3 He answered them, 'What did Moses command you?'

4 They replied, 'Moses allowed us to draw up a writ of dismissal in cases of divorce.'

5 Then Jesus said to them, 'It was because you were so hard hearted that he wrote this commandment for you.

6 But from the beginning of creation he made them male and female.

7 This is why a man leaves his father and mother,

8 and the two become one flesh. They are no longer two, therefore, but one flesh.

9 So then, what God has united, human beings must not divide.'

10 Back in the house the disciples questioned him again about this,

11 and he said to them, 'Whoever divorces his wife and marries another is guilty of adultery against her.

12 And if a woman divorces her husband and marries another she is guilty of adultery too.'

13 People were bringing little children to him, for him to touch them. The disciples scolded them,

14 but when Jesus saw this he was indignant and said to them, 'Let the little children come to me; do not stop them; for it is to such as these that the kingdom of God belongs.

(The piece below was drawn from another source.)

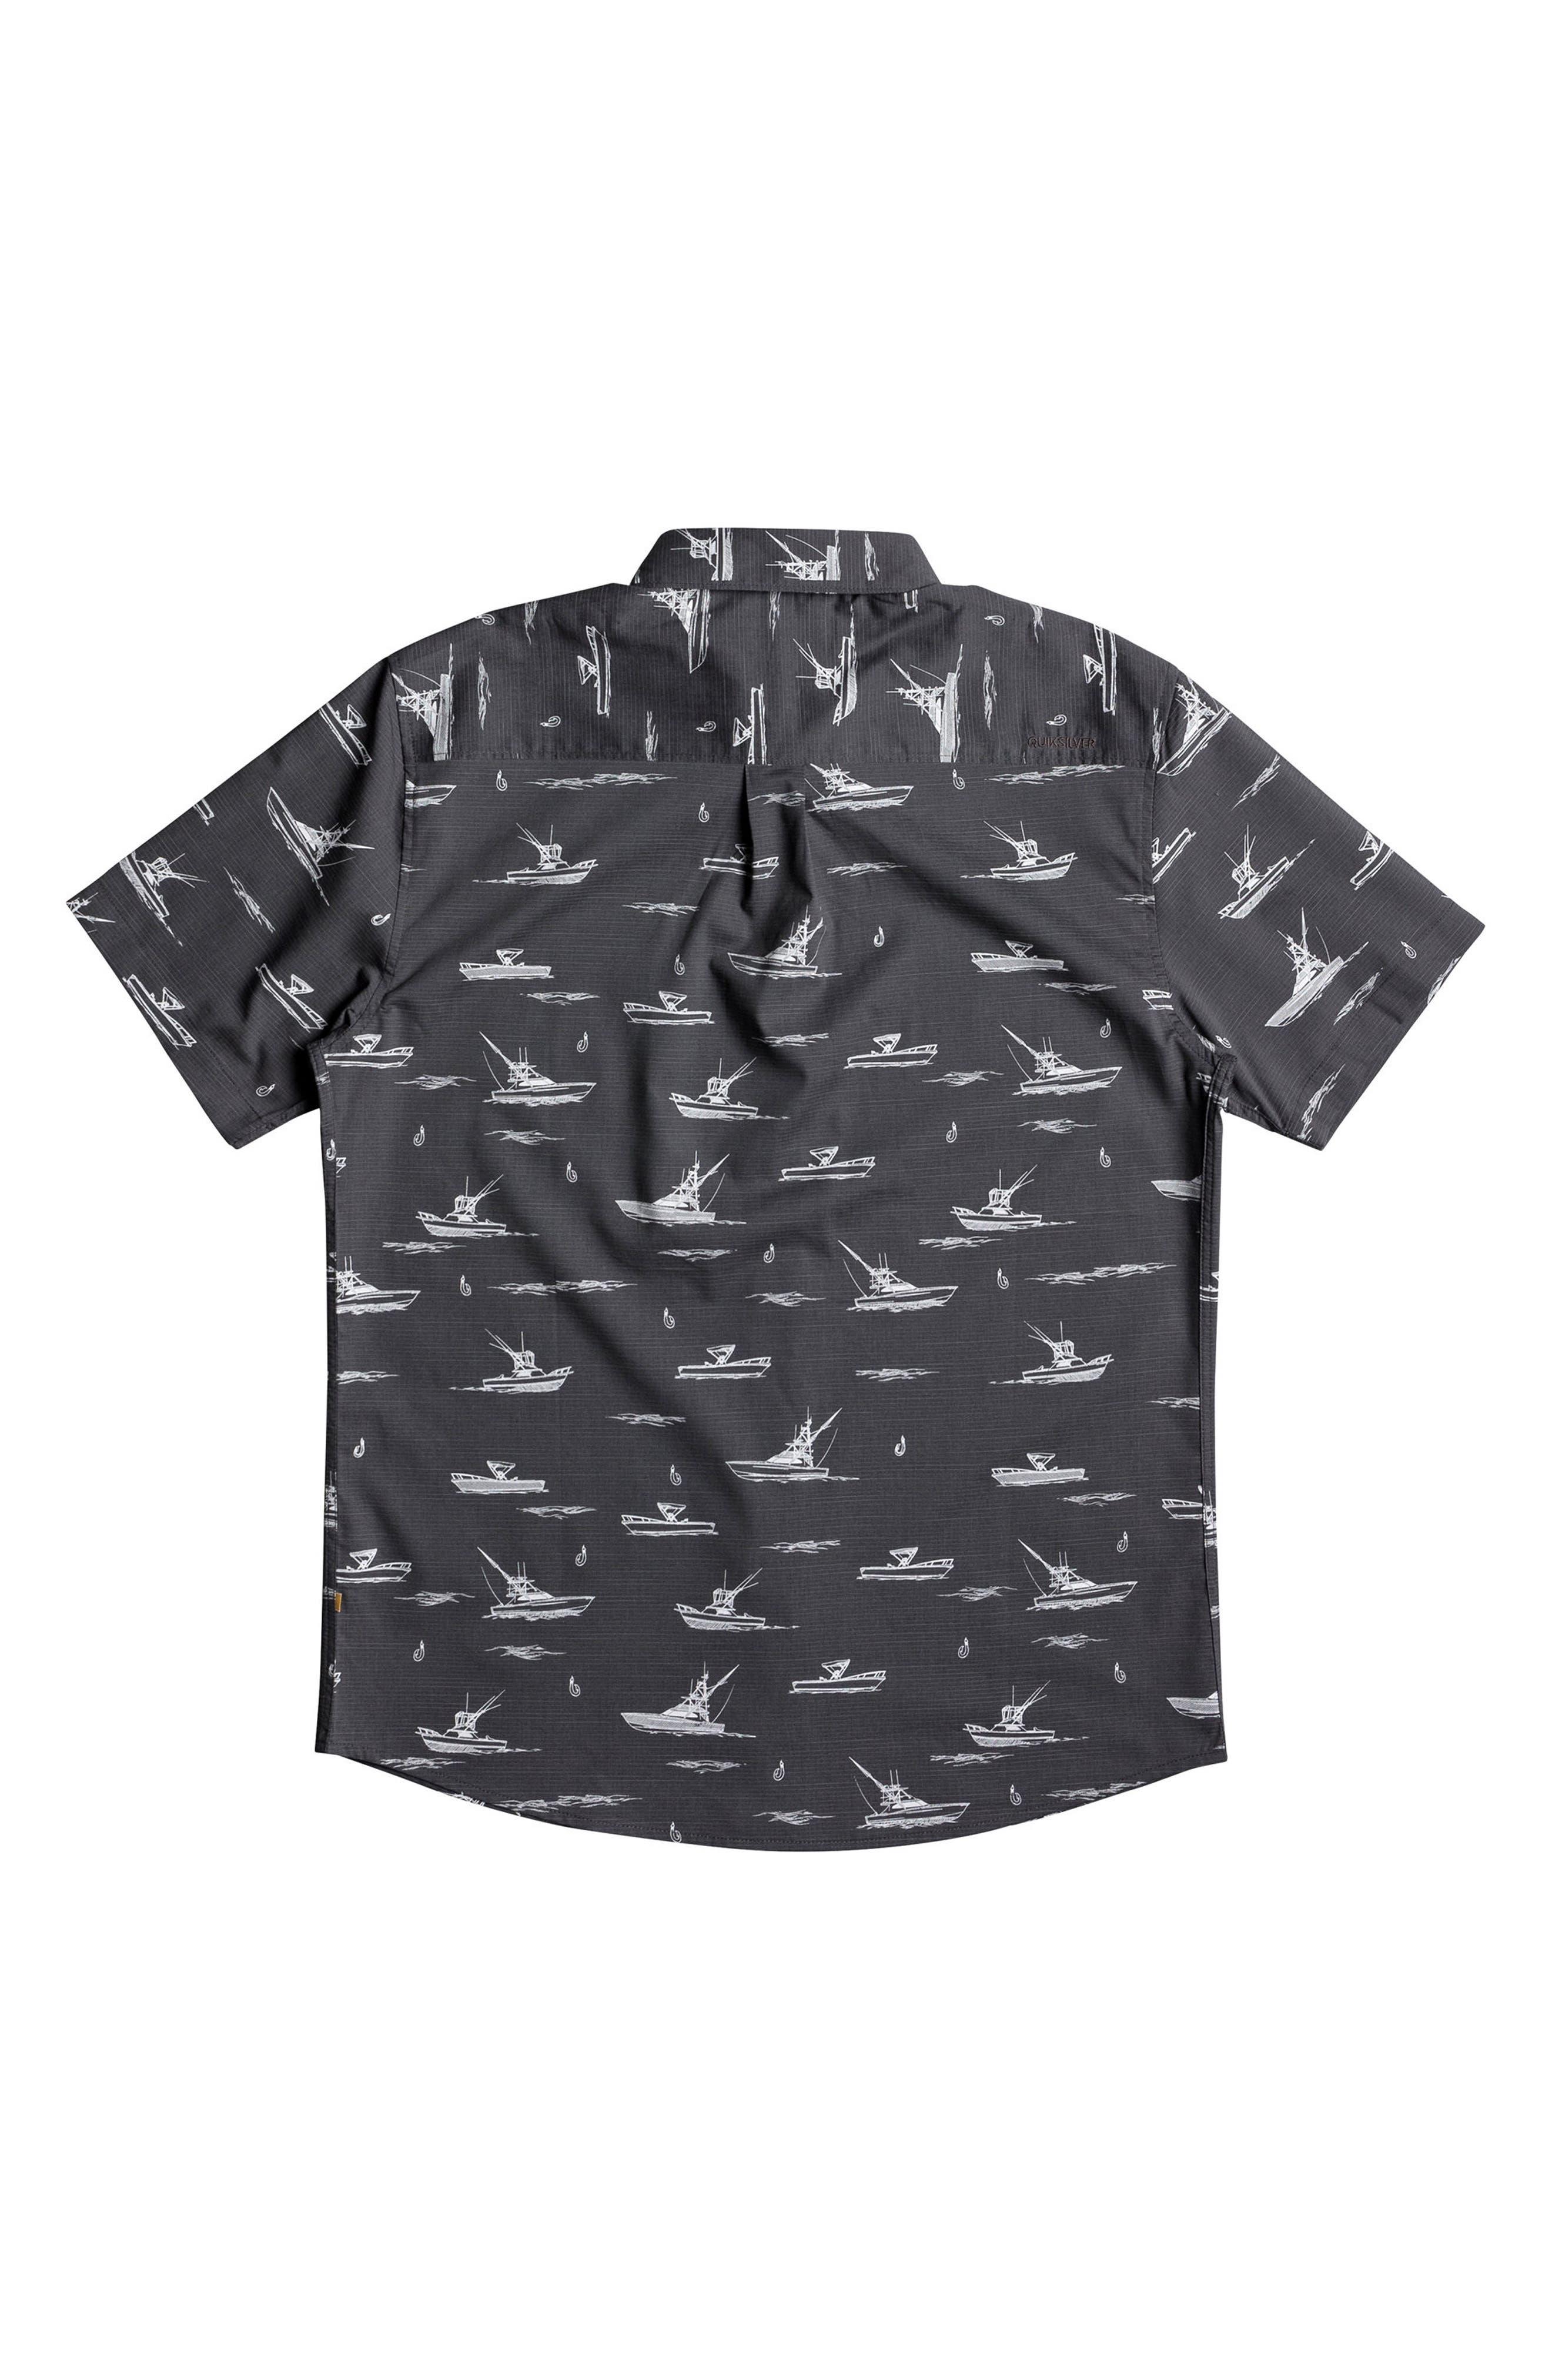 Fishboats Sport Shirt,                         Main,                         color, 008

15 In truth I tell you, anyone who does not welcome the kingdom of God like a little child will never enter it.'

16 Then he embraced them, laid his hands on them and gave them his blessing.


REFLECTION:
Authentic commitment today is a hard-to-find treasure. It is lost anywhere within the bustling human civilization. We rarely find it being valued in its truest sense within a relationship. Rather today, a massive masquerade sugar-coats simulated commitments and substitutes the real ones. “Commitments” nowadays are contractual, short-lived, conditioned and temporary. If we find real ones, we have to search it in the utmost regions of society where lives are not yet contaminated by the post-modern mind-set of materialism and individualism.

The readings today provide us Christians of this post-modern age with an opportunity to relook and rediscover the meaning of radical commitment in every human relationship, marriage being the relationship par excellence. Beginning to meditate authentic commitment in the context of marriage, our Lord Jesus shows us that being committed is not a simple relating of feelings to the other. Commitment is not a selective attitude over possible choices. Commitment is a gift of the whole person to the other; it is the act of uniting oneself not only in the level of feelings or of intellect. It is the capacity to assume the other to oneself, embracing the other even his defects along with the things which initially attracts us.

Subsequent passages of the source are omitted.